_Exercise prompt_
Instruction for the entries below: return the part that opens with the line containing "Help Your Family Manage The Homework Blues" and closes with the line containing "Stainless Steel 3-Piece", exactly, and no pictures.

_Source records_
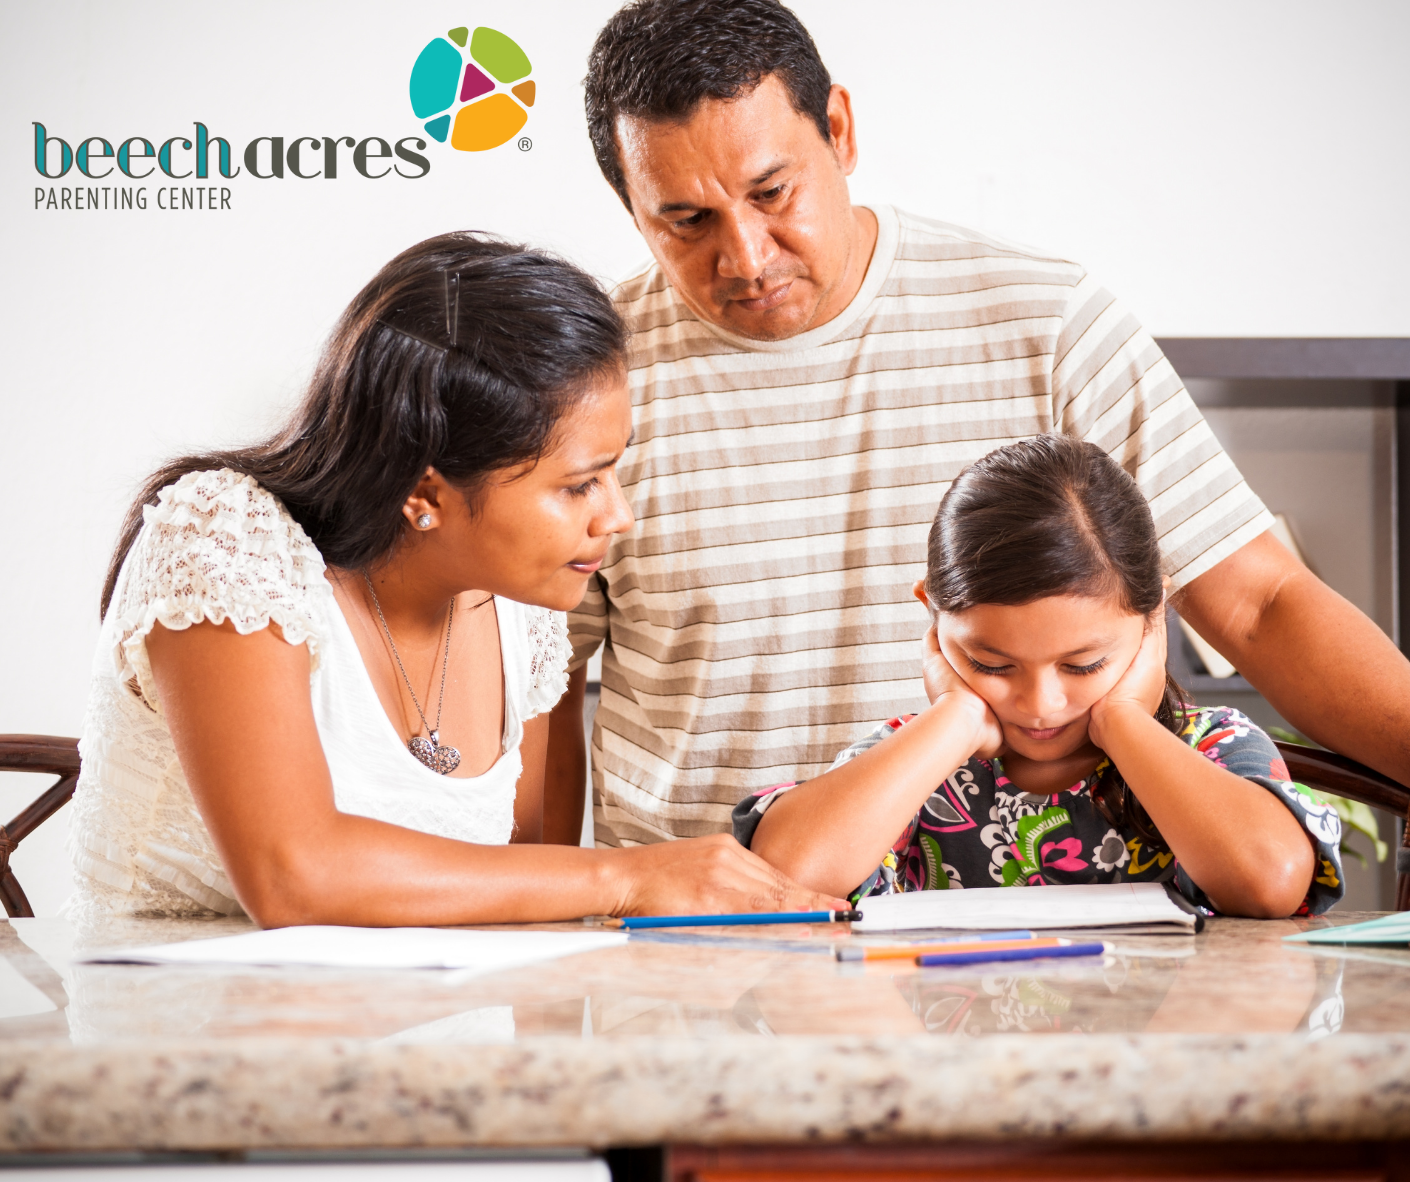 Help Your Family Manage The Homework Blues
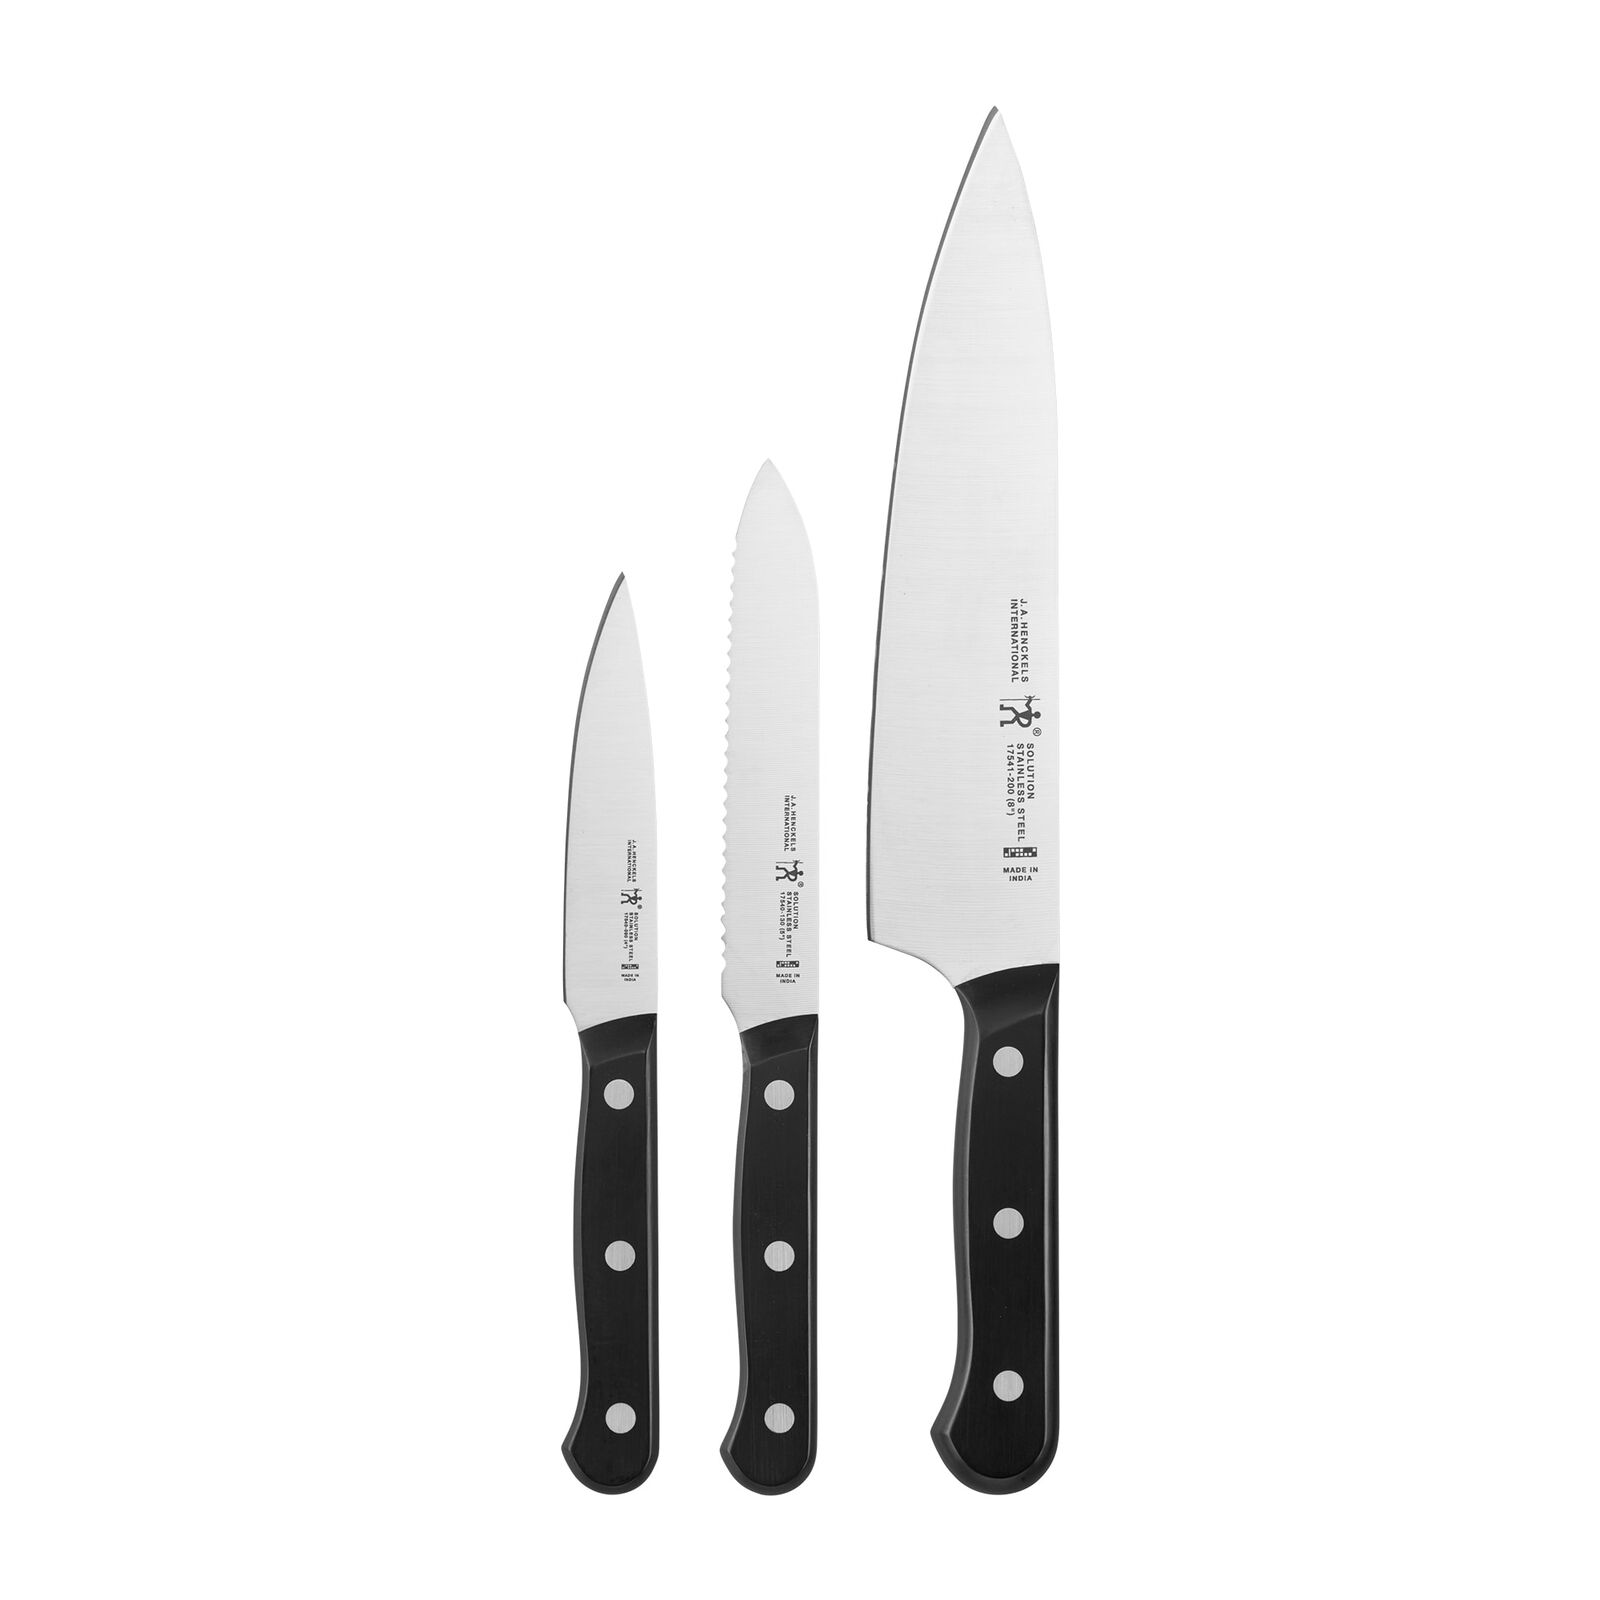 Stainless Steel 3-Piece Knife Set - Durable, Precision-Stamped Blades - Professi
==
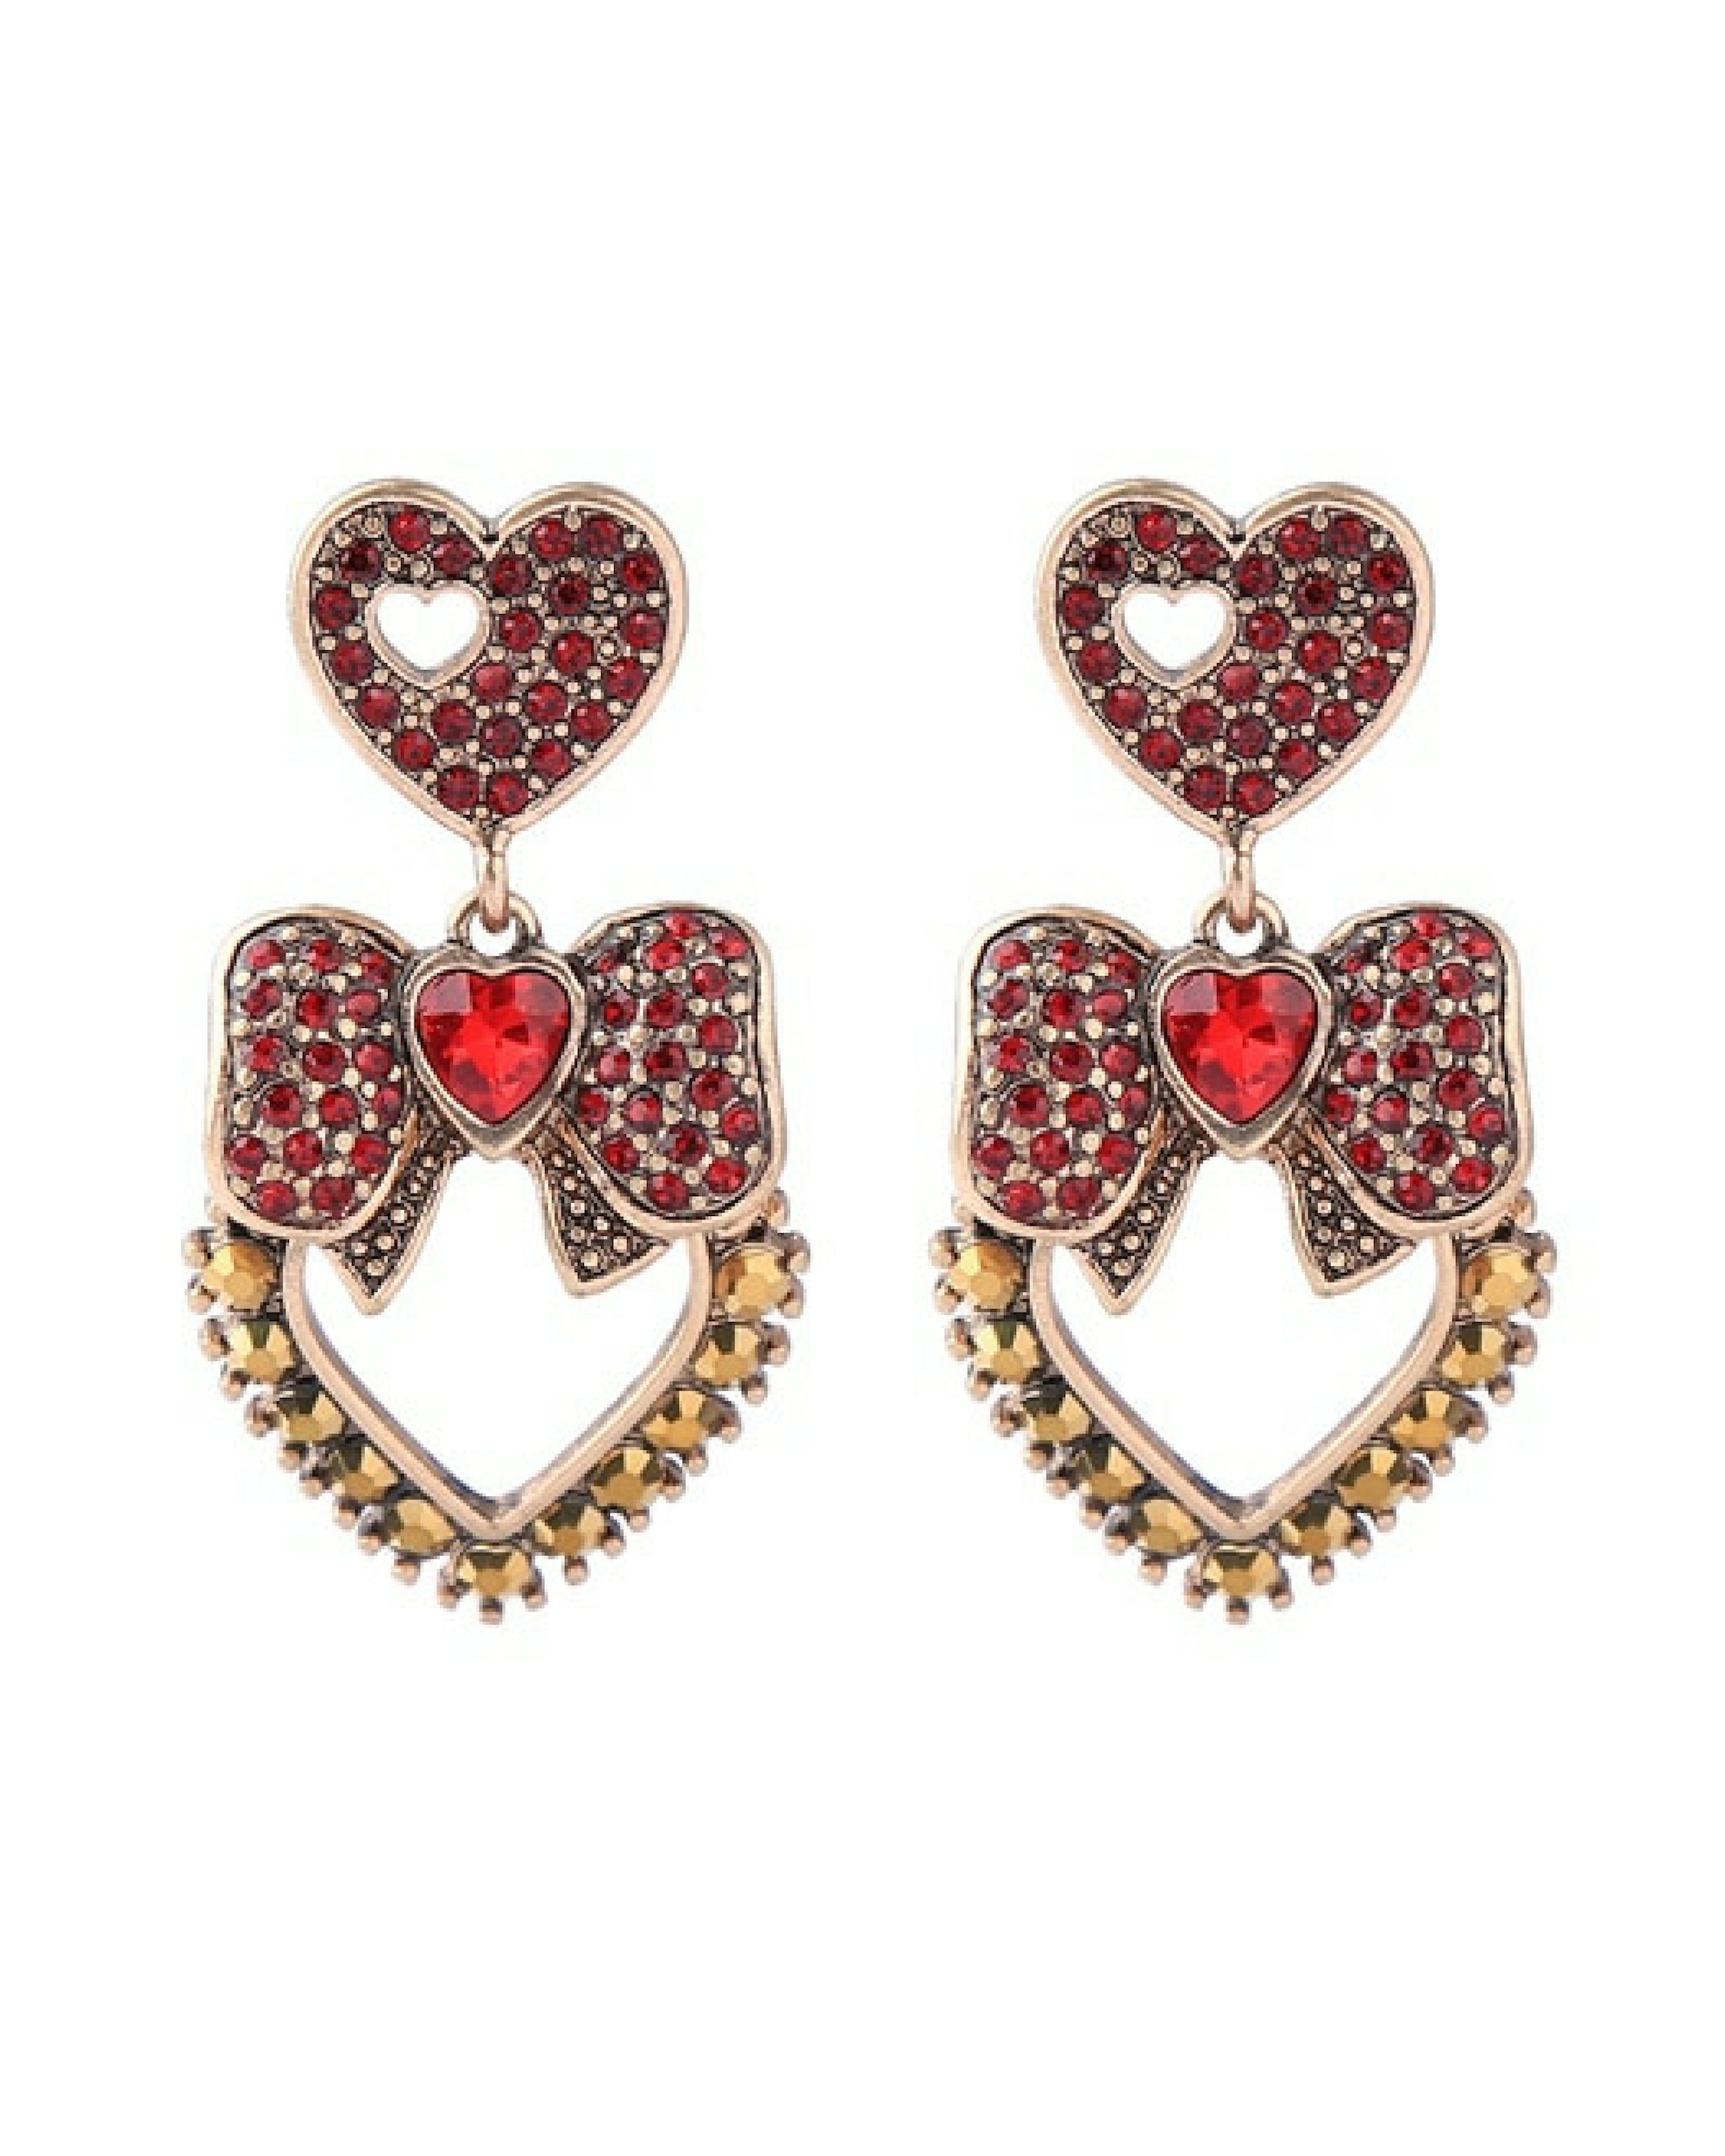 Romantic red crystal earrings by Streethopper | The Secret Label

_Written response_
 Help Your Family Manage The Homework Blues
 Stainless Steel 3-Piece Knife Set - Durable, Precision-Stamped Blades - Professi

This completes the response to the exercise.